Dion tidak menemukan jawabannya sama sekali. Tangannya yang terhenti menyuapi Lina akhirnya disentuh oleh tangan Lina yang dingin. Terkejut akan hal itu Dion pun melanjutkan menyuapi Lina. Dion berpikir ini bukan saat yang tepat menanyakan hal itu. Hal tentang sejak kapan Lina bisa melihat mahluk tak kasat mata. Dan apakah Lina bisa melihat yang Dion lihat barusan?
Selesai menyuapi Lina, Dion pun menyuruh Lina beristirahat. Dengan lembut ia membelai rambut istrinya dan memeluk tubuh istrinya yang dingin agar hangat. Tubuh istrinya terasa dingin dan gemetaran. Dion hanya bisa mencoba menenangkannya. Dia juga mengatakan kalau dia tidak akan meninggalkan Lina. Perlahan-lahan Lina memejamkan matanya dan tertidur dalam hangatnya pelukan suaminya.
Saat Lina tertidur lelap Dion melepas dekapannya. Saat sudah memastikan tubuh istrinya sudah mulai hangat atau pun normal. Ia turun dari ranjangnya dan mengambil laptopnya yang berada di meja, lalu kembali duduk di ranjang di sebelah istrinya.
Dion membuka Google mencari tau apa yang ia lihat tadi.
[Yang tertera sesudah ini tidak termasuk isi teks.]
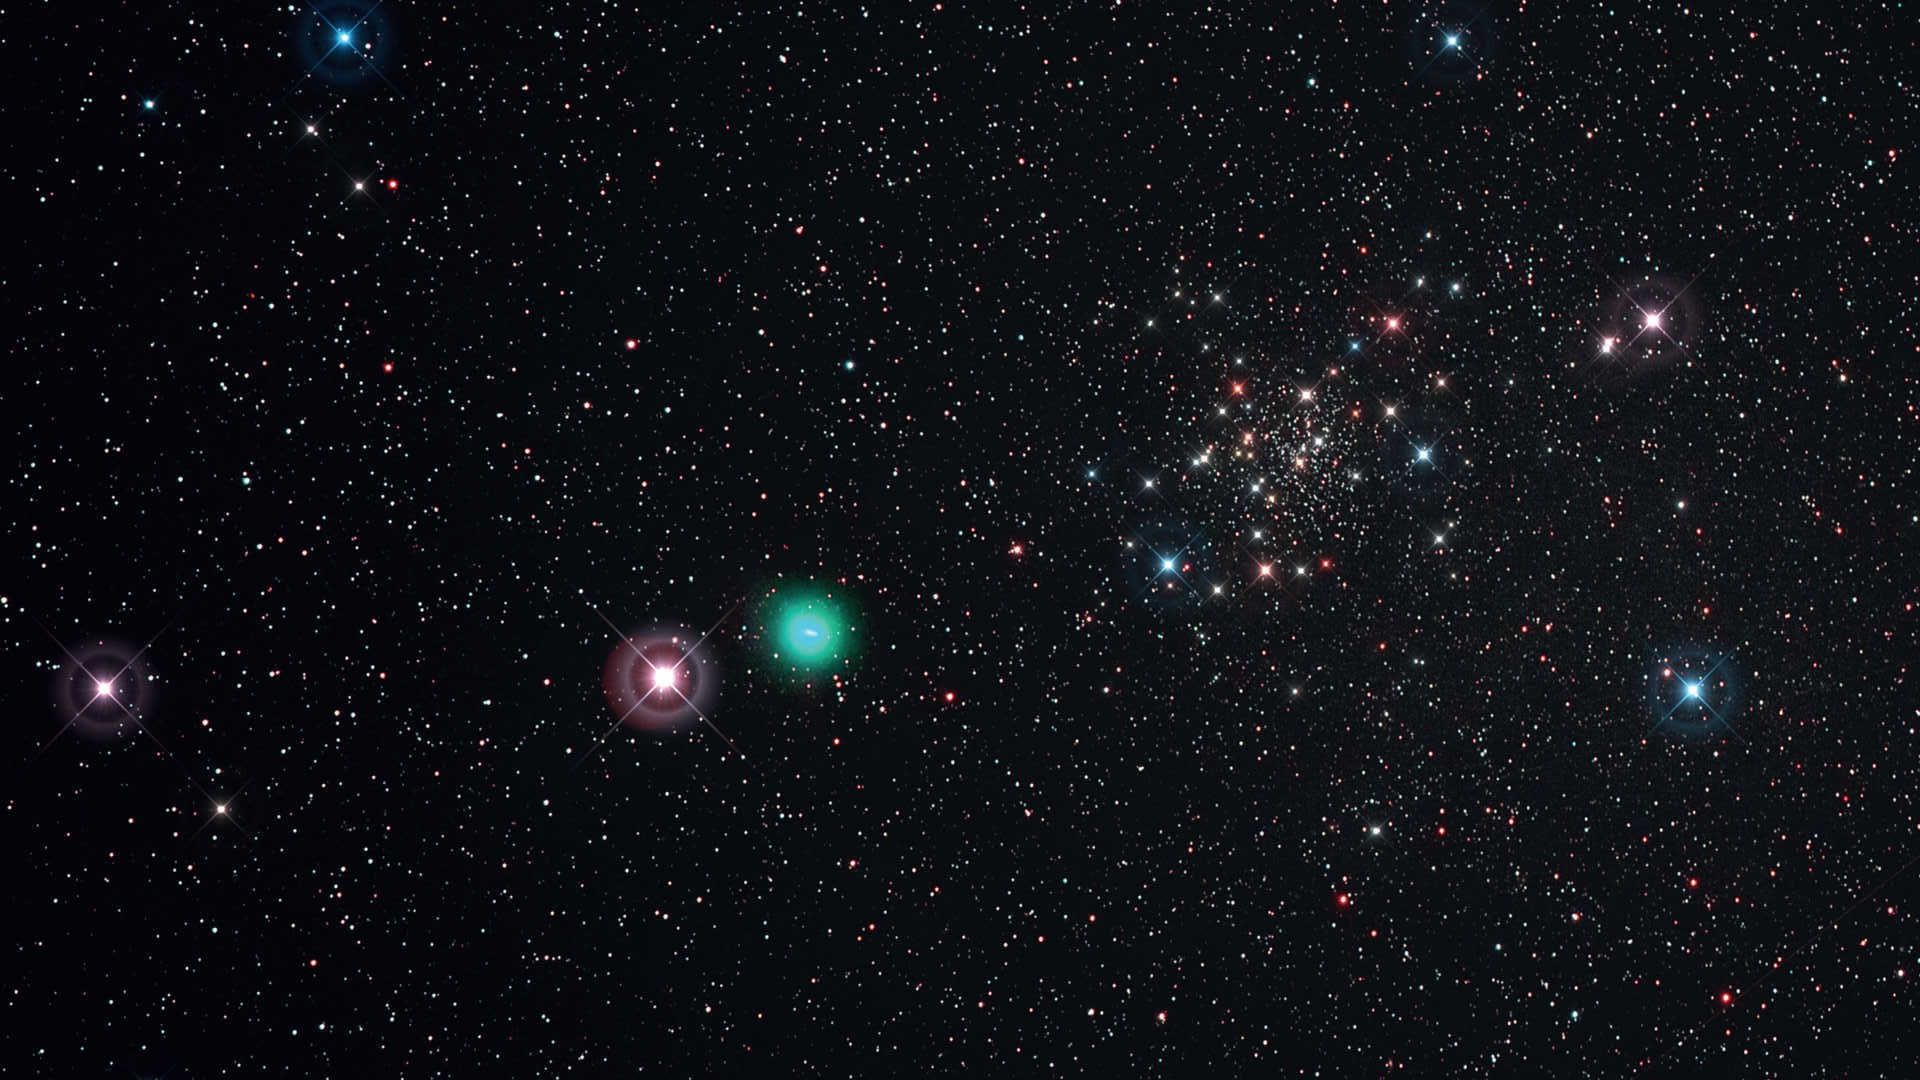 La notte limpida del 21/05/2015 ha permesso di riprendere la cometa C/2014 Q2 (Lovejoy) mentre transitava in prossimità dell’ammasso NGC188. Per questa immagine è stato usato un Telephoto Lens/Scope di Kowa (lunghezza focale: 350 mm, F/4) su una Canon 6D (modificata Hα) con filtro UHC-S. La somma è data da sei scatti con tempo di esposizione di 450 secondi ciascuno (ISO 800; tempo di esposizione totale: 45 minuti). Elaborazione con DeepSkyStacker e Photoshop; spikes aggiunti solo per motivi estetici. U. Dittler

Mulanya ia mencari dengan kata kunci bayangan gelap. Dan yang muncul hanyalah alat-alat kecantikan untuk menghilangkan plek hitam di wajah.
__ADS_1
Benar-benar tidak ada hubungannya sama sekali. Dion mencari sesuatu yang berbau misteri, tapi yang muncul malah hal-hal duniawi.
Dan kemudian ia mengganti kata kunci dengan "Hantu" dan keluarlah artikel tentang Indigo. Ini sesuai dengan apa yang Dion harapkan. Maka iya pun menelusuri laman itu. Dengan tatapan mata tanpa berkedip, dan bahkan seperti menahan napas. Seolah takut, akan ada yang terlewat dari pandangannya, jika ia menghembuskan napasnya pada saat itu.
Berbagai kisah-kisah penampakan baik yang cuma karangan atau juga kisah nyata. Ada novel horor dan ada jasa mengusir hantu. Dan hal-hal yang berbau mistis lainnya. Ada juga iklan yang menjual sejenis batu-batuan yang diakui penjualnya sebagai jimat. Dan harga yang ditawarkan cukup mahal dan dibuat keterangan bahwa benda itu hanya satu-satunya di dunia.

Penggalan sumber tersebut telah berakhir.